Back to my originial post now...
Hi all - boy, am I hoping I'm in the right place! This is going to be a huge post, but I'm pretty much isolated and without resources here, so I hope you'll forgive the length.
Well, here goes nothin'!
I was just diagnosed with Lyme disease on Thursday by my GP and am pretty much still reeling. She took blood and ordered a complete annual blood workup as well as the ELISA and Western Blot, but she told me she was diagnosing Lyme based on my history and symptoms alone since the tests are unreliable. She didn't actually catch the Lyme - after searching for FMS info and finding it myself, I took an article on Lyme being misdiagnosed as Fibromyalgia to her because I was diagnosed with FMS seven years ago but I remembered being bitten by something and having the bullseye rash eight years ago. I was treated for 10 days with Doxycycline and the rash went away. Until last week I hadn't thought of it since.
This past January I came down with pneumonia and was put on a typical pack of steroids with decreasing dose over six days, plus a steroid inhaler (albuteral) that I've been using for shortness of breath since the pneumonia was resolved. Since January, all of my FMS symptoms have been nearly unbearable and I've had far more pronounced neurological problems (confusion, memory loss, driving to the wrong place, unable to remember words or misspeaking, tremors, tingling hands and feet, blurry vision) and the scariest of all (maybe because it's so visible?) - Bell's Palsy. Mine looks exactly like this: http://healthgate.partners.org/images/si55551851_ma.jpg
Looking back at photos of myself I can see the palsy sometimes, but not all the time and not to the degree it is now.
The long road of misdiagnosis began when I moved to Denver and came down with horrible flulike symptoms. About a month later my hips, knees and shoulders began hurting, locking up and feeling hot. I was so dizzy I had to hold onto walls when I walked around our apartment. I could sleep 10 hours and feel like I'd slept five minutes. I lost all my energy and felt like I had the flu for three months straight. I went to a rheumatologist who ran the battery of bloodwork (but not the ELISA or Western blot) and then diagnosed FMS.

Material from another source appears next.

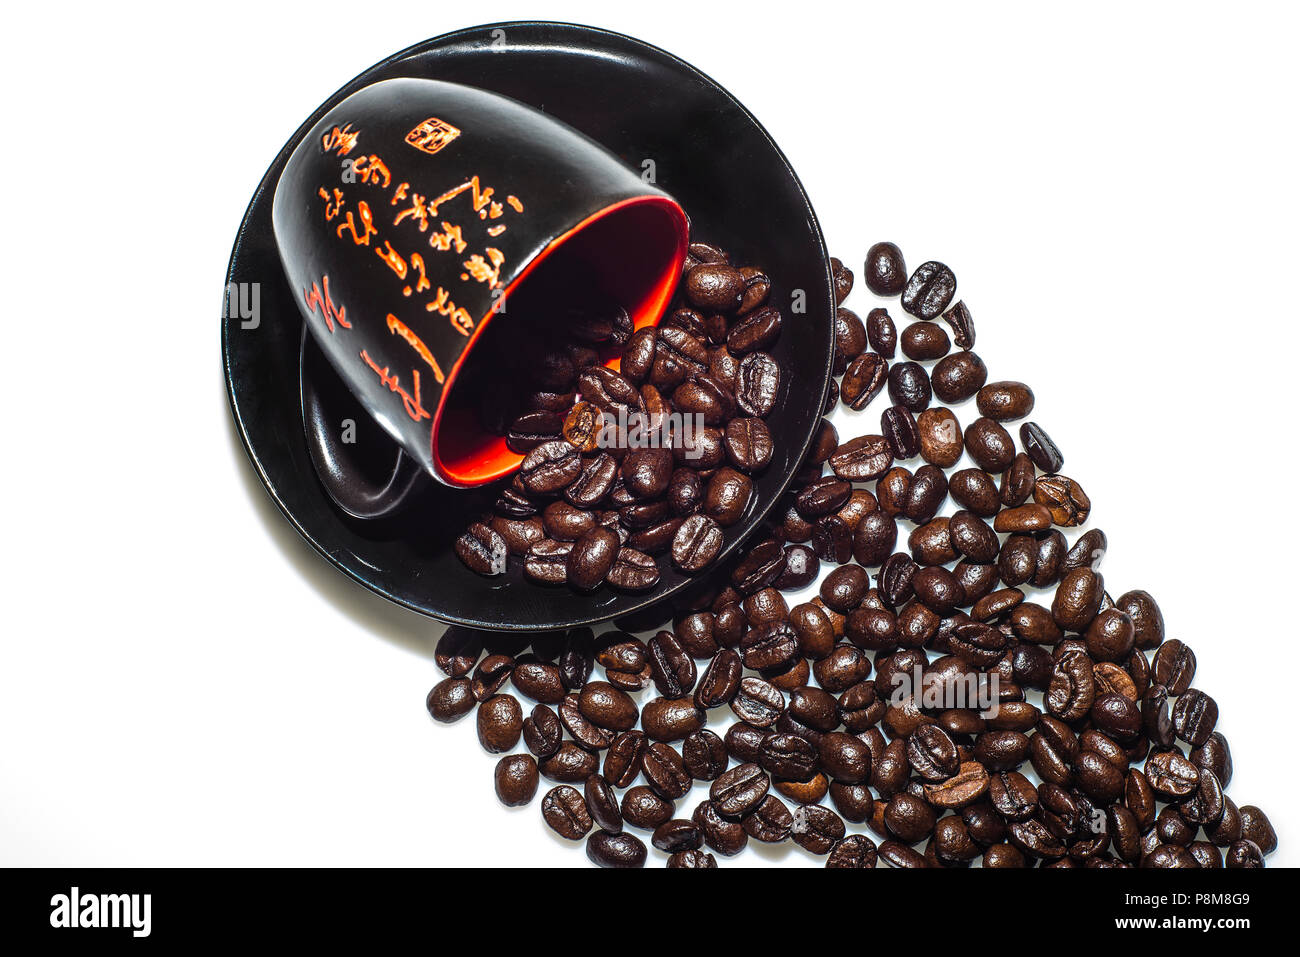 Eine Grosse Auswahl An Kostenlosen Kaffee Finden Sie Eine Andere Art Von Bilder Von Kaffee Inklusive Bilder Von Tassen Kaffee Kaffeetassen Kaffeebohnen Stockfotografie Alamy

In the meantime I wasn't sleeping regularly or well and my GP put me on a sleep aid that left me so groggy I rarely took it. She put me on several rounds of steroids and NSAIDS for my arthritic symptoms and once for a sinus infection that lasted a month. Every time I went on the steroids I had horrible pain and swelling and my FMS symptoms would worsen for weeks. I lost 23 pounds in 10 weeks and was tested for thyroid problems. Over the next year I gained the weight back.
Four years ago my hair began thinning dramatically and a dermatologist told me it was just hormones. It stopped after a few months, so I didn't think about it again. Hormones were to blame for my menstrual irregularities, too, and I was put on birth control pills for two months to stop a 96 day bout of bleeding. The doctors had no explanation other than hormonal imbalance.
I first went to a neurologist three years ago (for migraines, horrible bouts of confusion, visual anomolies & facial tingling). She did an MRI and said everything was normal for a person of my age (30), whatever that means. She put me on a migraine medicine for my headaches and eye pain (she believed they were connected). She's been treating my migraines with medicines ever since, but isn't even concerned about my palsy, saying that type of swelling could be related to my fibromyalgia. I called Friday and told her about my Lyme diagnosis and she seemed uninterested.
Two years ago I went to an opthamologist for my eye pain, photosensitivity and a bizarre two-day period of double vision. They told me to get a good pair of sunglasses, and that all of my symptoms were likely related to migraines, just as the neurologist had said.
Last year I had swollen lymph nodes that lasted for months - my doctor ran bloodwork and ordered an ultrasound of my neck and thyroid to rule out abnormalities. They found nothing, but she did a thyroid workup anyway (my second one!), which came back normal. The lymph node swelling is back again now, this time having lasted since January (so far).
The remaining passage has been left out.